Sounds of a Mexican Village


I live in a Mexican neighborhood where our streets come alive with sounds beginning early each morning and continue until late into the night. The garbage trucks begin the first movement of a complicated opus. Their emptiness reverberates and echoes as the trucks rattle down the cobblestone street as they begin their early morning collections. During Christmas time, they rattle a clacker to let everyone know they are in the neighborhood and are ready to collect their annual donation.

Soon after, the dueling gas trucks begin their counter melodies as they announce themselves to our inhabitants. One begins with the slow whine Zzzzzzz gaaaaaaasssss, while the other company plays a plucky little tune. Water delivery is announced as the deliveryman shouts “Agua! Aguuuuuuuaahhhhh! Agua!” as he toots his horn.

A soloist on a small pan flute announces his presence in the neighborhood and his readiness to sharpen all of our dull knives. Later on a truck with speakers tied on top of the cab crawls through the neighborhood blaring out the items the junk man will take away in his truck. Interspersed throughout the day are other vehicles with speakers strapped to their car tops or hanging out of their car trunks as they shout out or play the latest advertisement.

Often the car will park alongside the road and play through an entire announcement, and then slowly drive to another location where it will park and rest and repeat. These are several independent movements of the opus. As is the yellow plane which flies overhead, it, too, with a speaker attached, announcing some event.
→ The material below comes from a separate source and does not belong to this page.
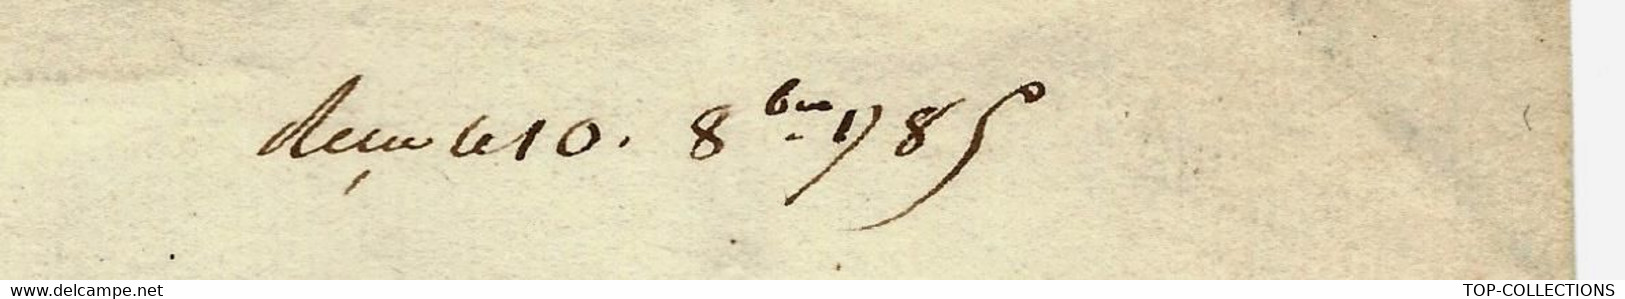 1785 De Cohenhague Danemark COMPAGNIE DANOISE DES INDES COPENHAGUE Lettre Signée Pour FOACHE LE HAVRE - Historical Documents
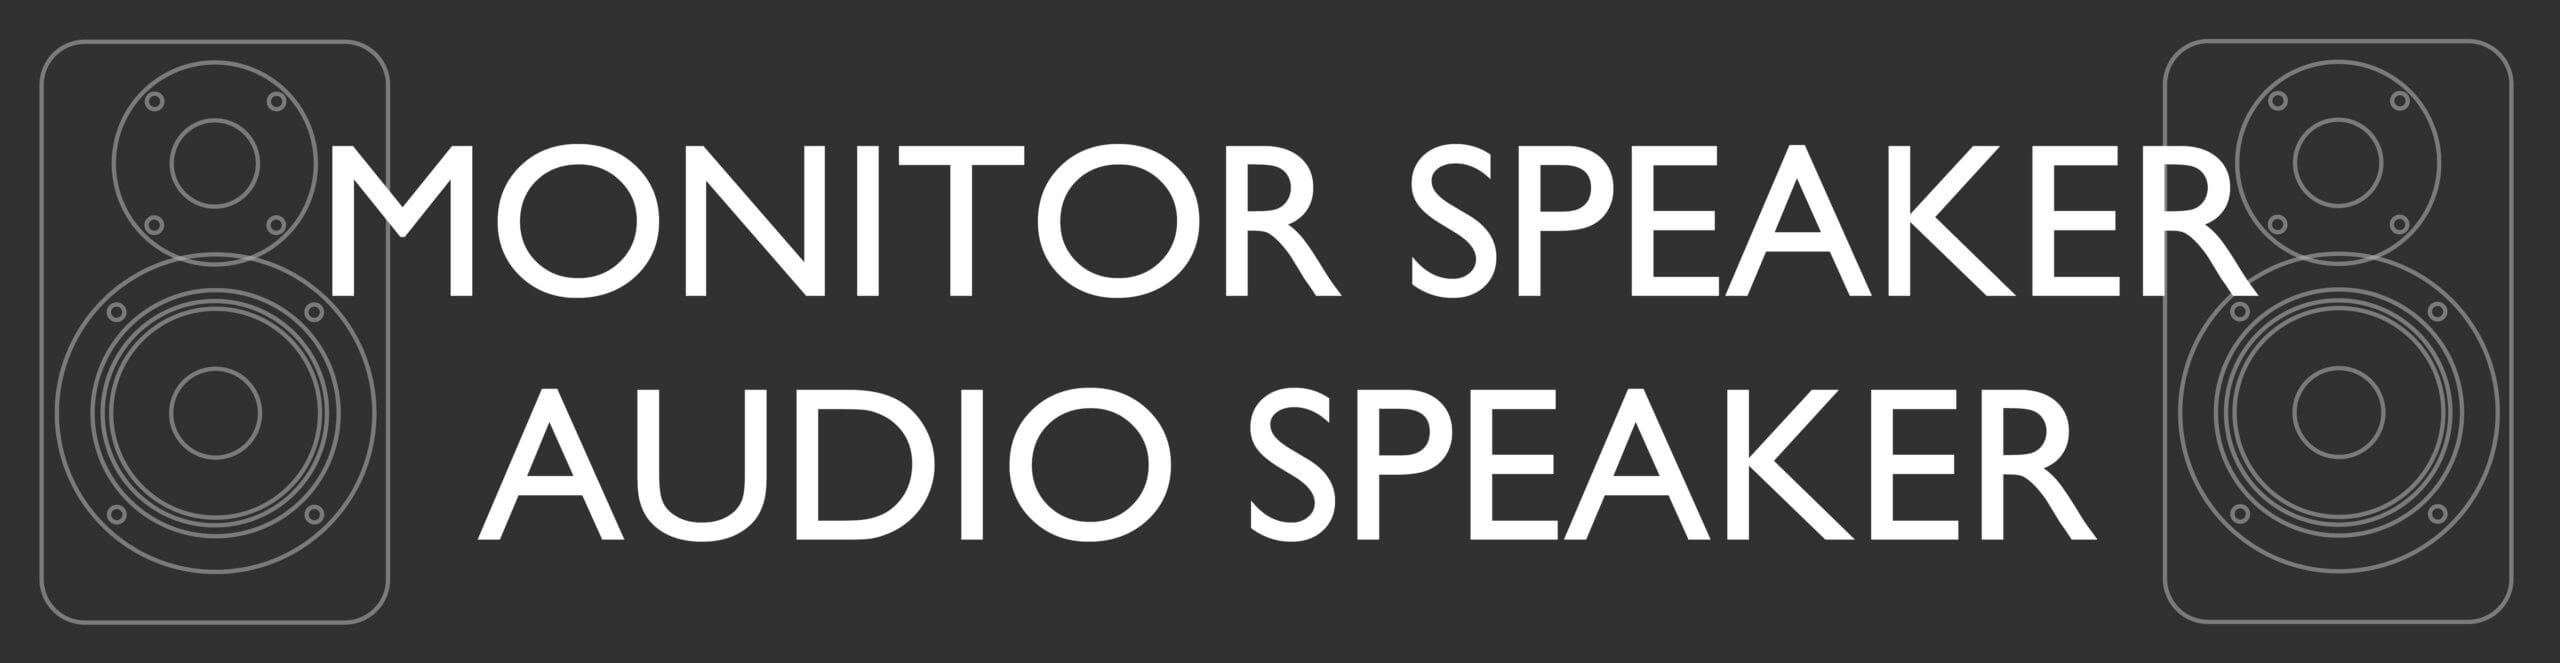 MONITOR SPEAKER/AUDIO SPEAKER

The produce sellers will park their truck and they will call out the type of produce they offer for the day, and the price of their wares. They will remain a short while, and continue their journey to the next block and repeat their stanza.

During certain times of year, when the circus comes to town, trucks pulling animals in cages attract our attention again with speakers as they hawk the circus, the acts, and the price of the tickets, and park and sell tickets from the cabs of their trucks while the animals pace their cages or sleep in the extreme heat.

And underlying this concert is the hum of the passing of vehicles and livestock. The clatter of the hoofs of the horses and burros alongside the various vehicles; the cars, motorcycles and ATV’s create the rumble, rattle, clatter and clamor of the vehicles as they navigate the cobblestone streets are the percussion to the ongoing musical.

Many cars provide complex counter-melodies when they drive by with their own music reverberating at painful levels and we can feel the bass in our chests as they drive by. Can they even think with the music that loud? Even the parked cars join in with their whistles, whoops and warnings when their alarms go off if someone drives too close to the car, or the bass music was so loud that it set off the alarm.

And in the midst of it all are the dogs that guard their fence lines and property and bark at each passerby to warn them off their territory. Sometime setting off a chorus of other dogs.

The sounds of a village in Mexico are seemingly ceaseless, serenading us from dawn until well after nightfall. They announce the arrival of the many services, advertise and entertain. I once heard a story about a man who moved away from the village back to the Northern part of America who lost his ability to sleep peacefully, until a friend sent him a recording of the street noises in Mexico. He now sleeps like a newborn babe.